*THE TASK*:
Each line below is to be copied exactly; images do not go into the copy.

[Records from a data collection]
★ ★ ★
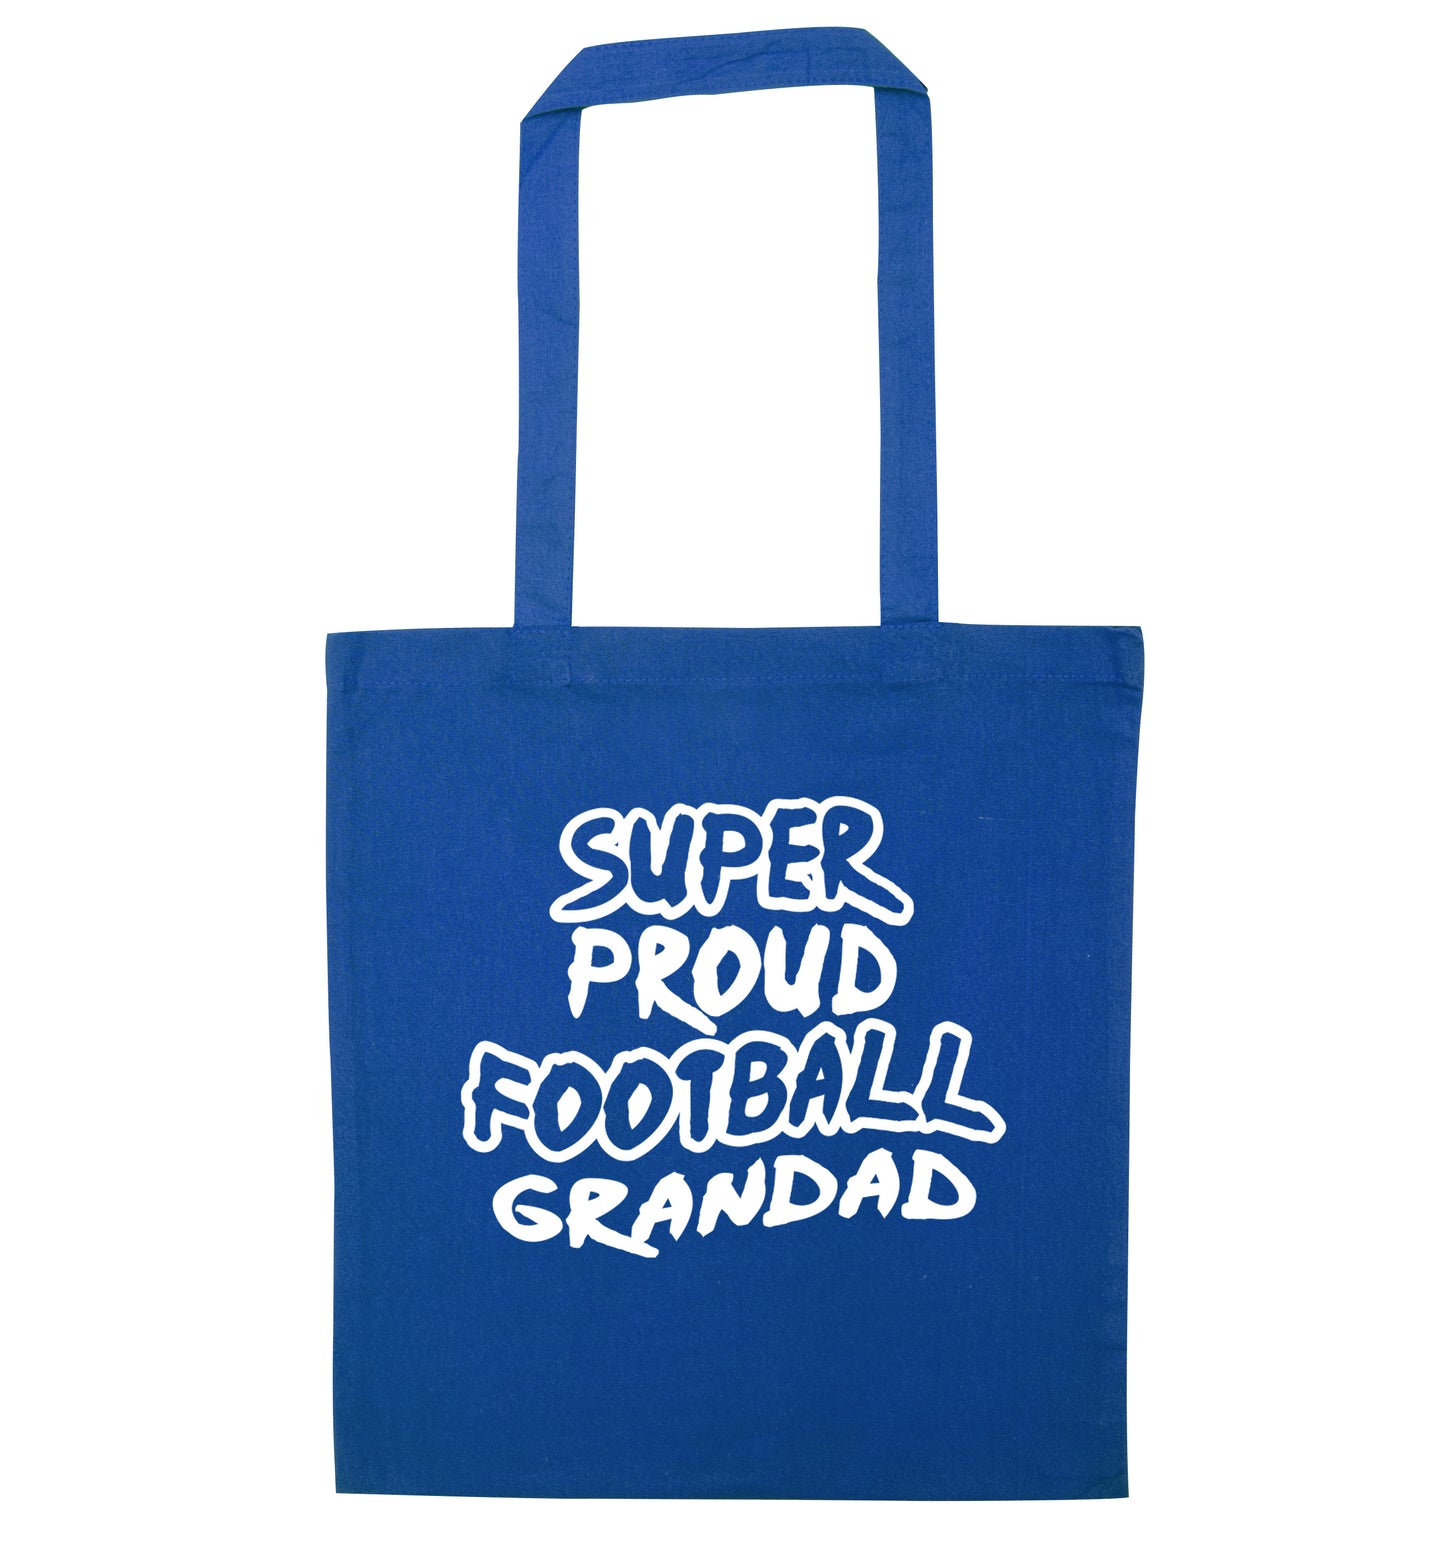 Super proud football grandad blue tote bag
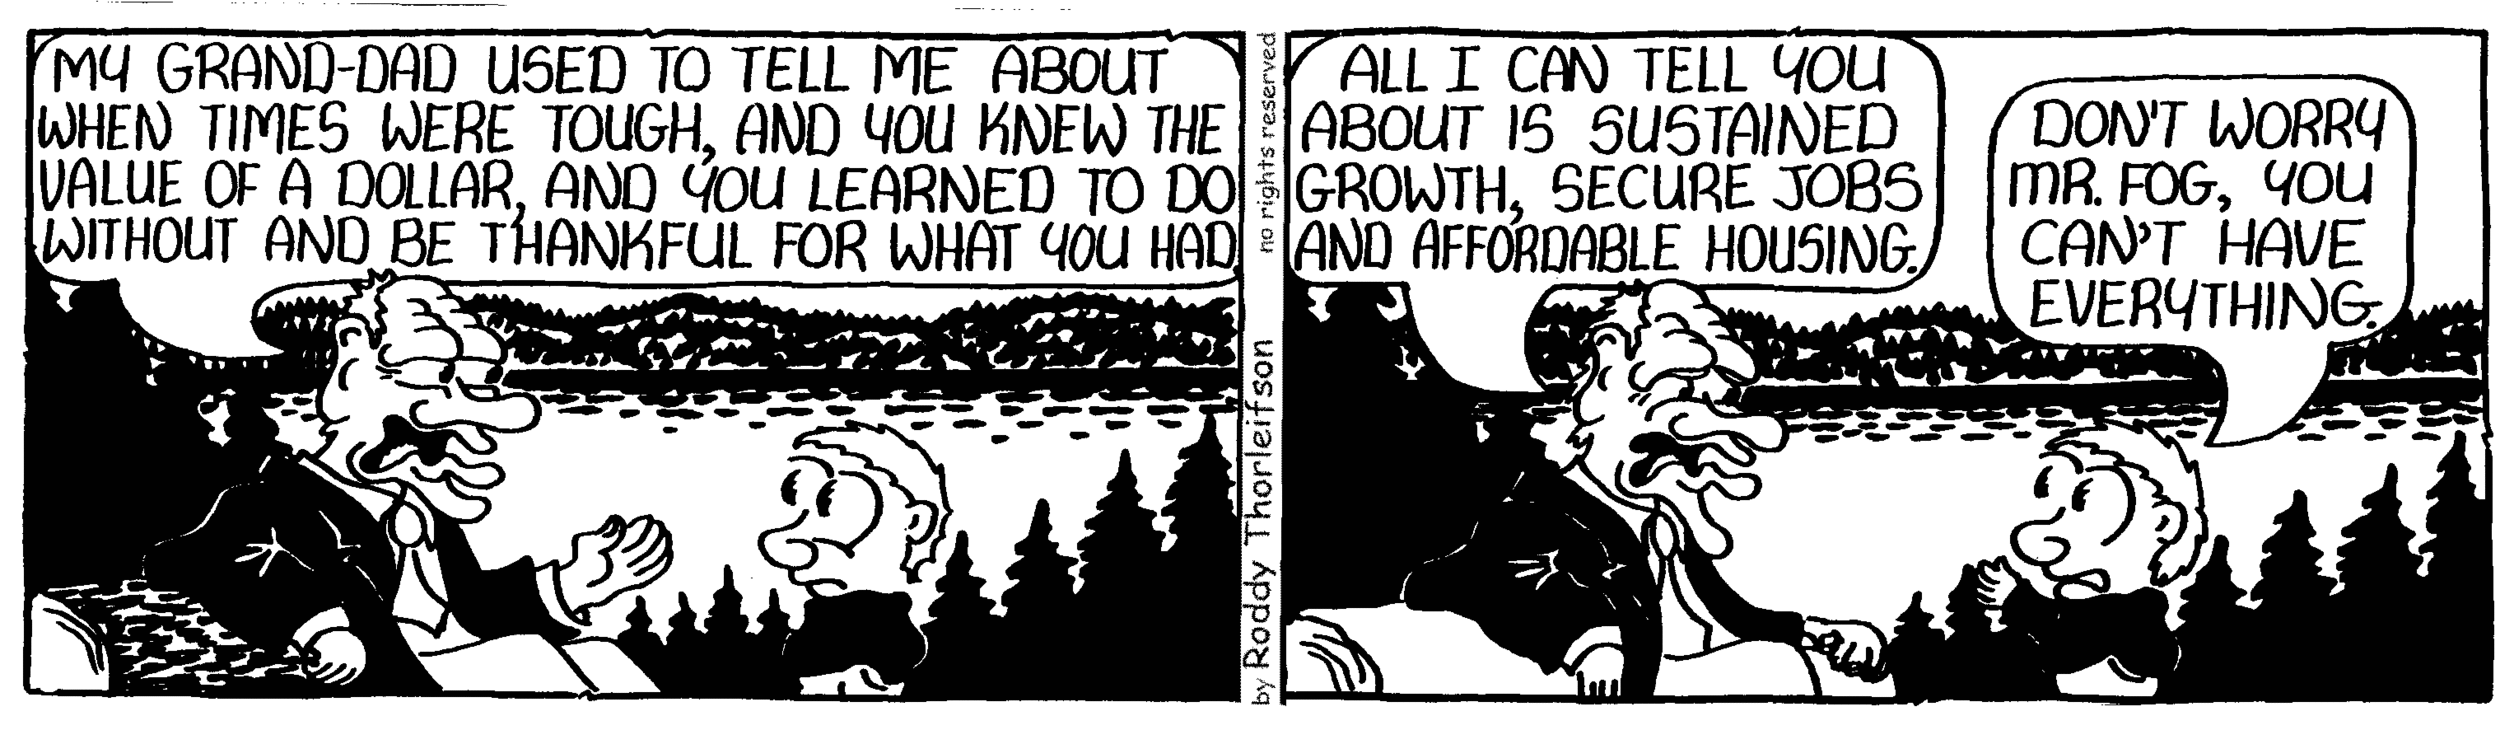 free cartoon economy economic economist prosperity and grand-dad used to tell me
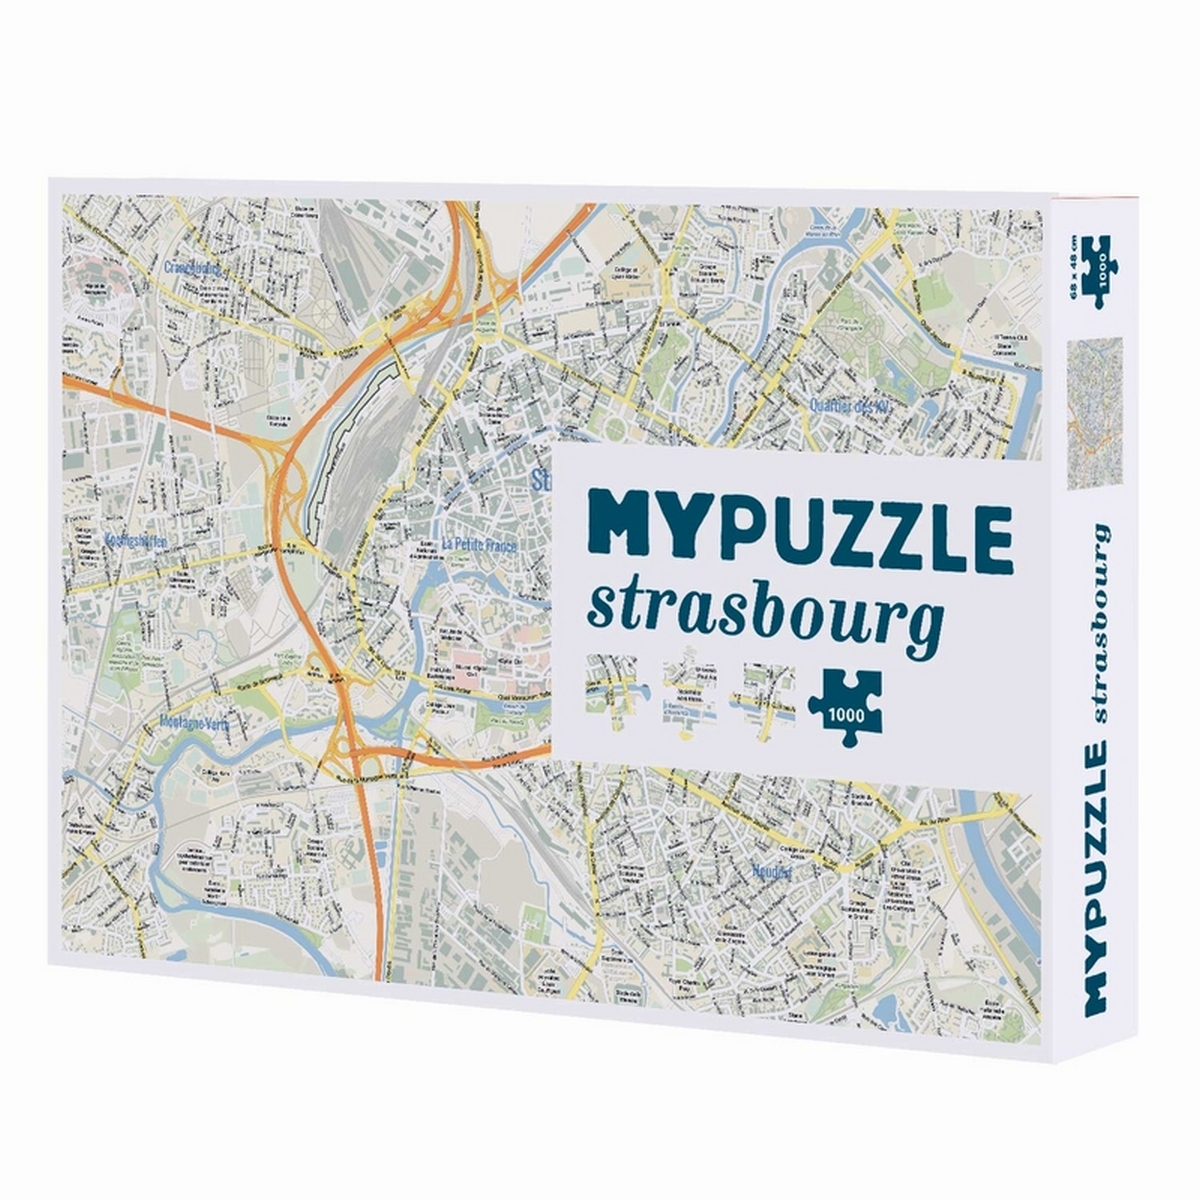 my puzzle Strasbourg helvetic une idee cadeau chez ugo et lea (1)
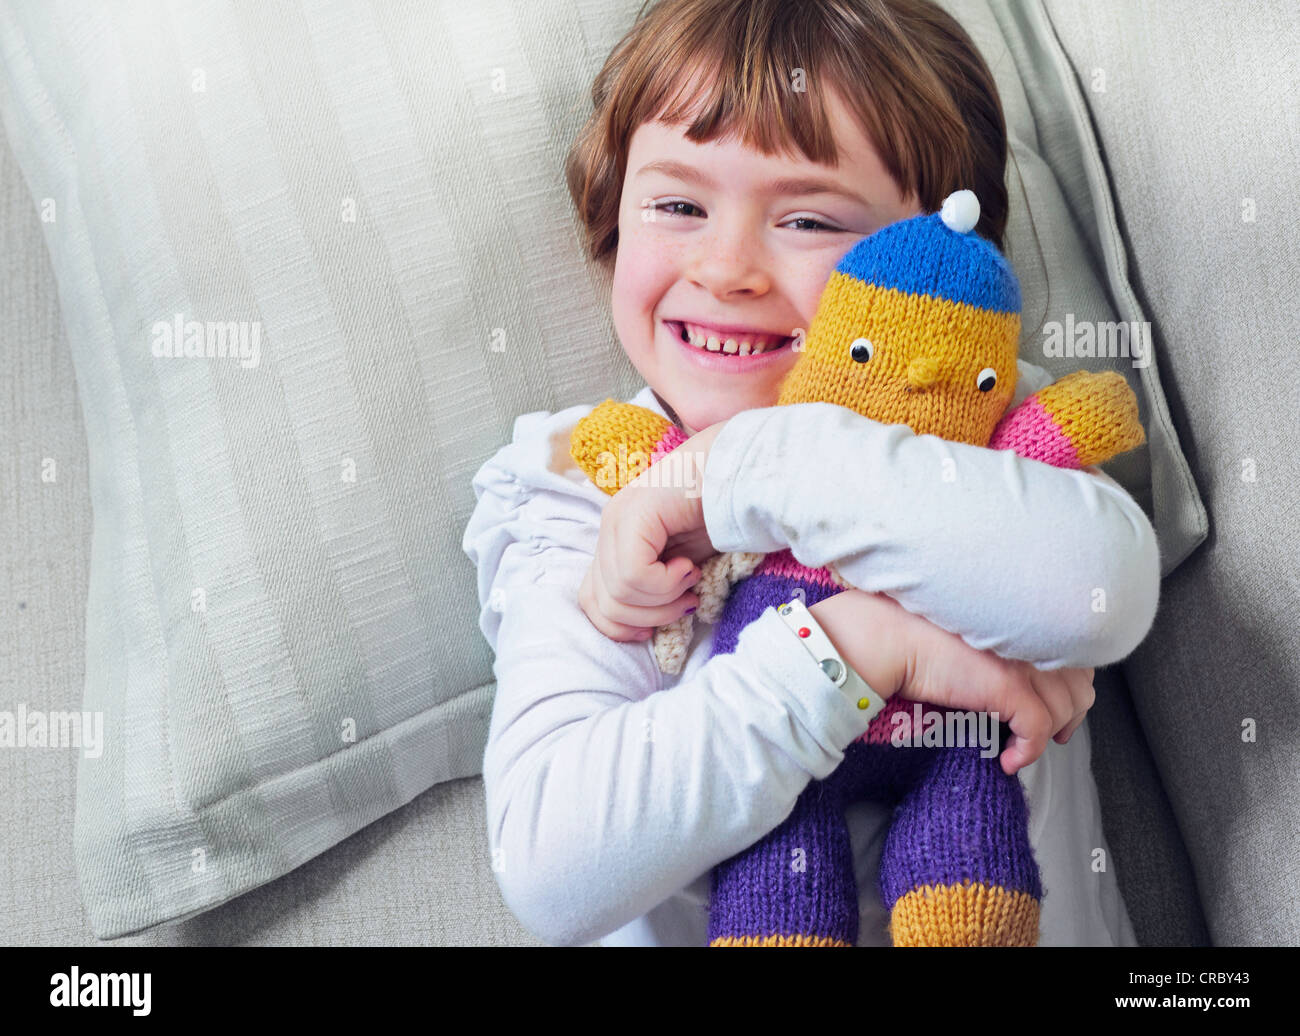 Girl hugging stuffed animal sur canapé Banque D'Images
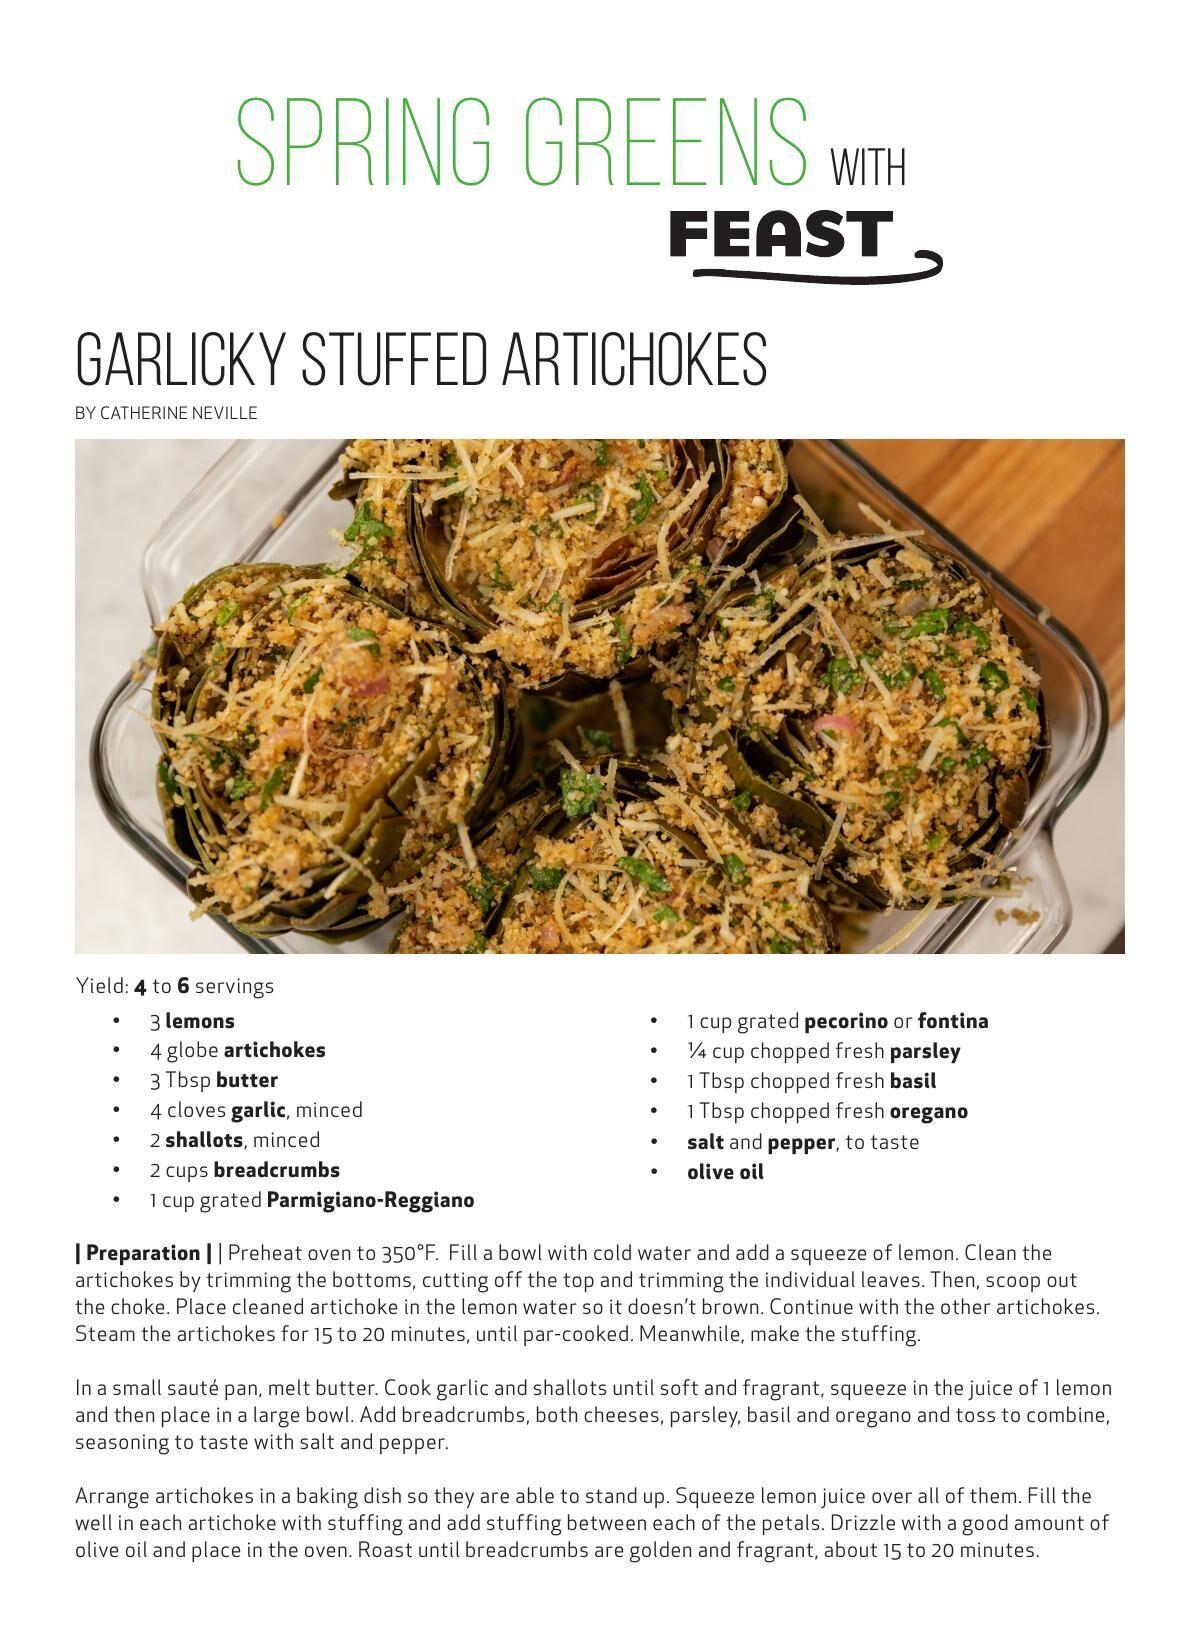 Download the Garlicky Stuffed Artichokes recipe
★ ★ ★
*ANSWER SECTION*:
 Super proud football grandad blue tote bag
 free cartoon economy economic economist prosperity and grand-dad used to tell me
 my puzzle Strasbourg helvetic une idee cadeau chez ugo et lea (1)
 Girl hugging stuffed animal sur canapé Banque D'Images
 Download the Garlicky Stuffed Artichokes recipe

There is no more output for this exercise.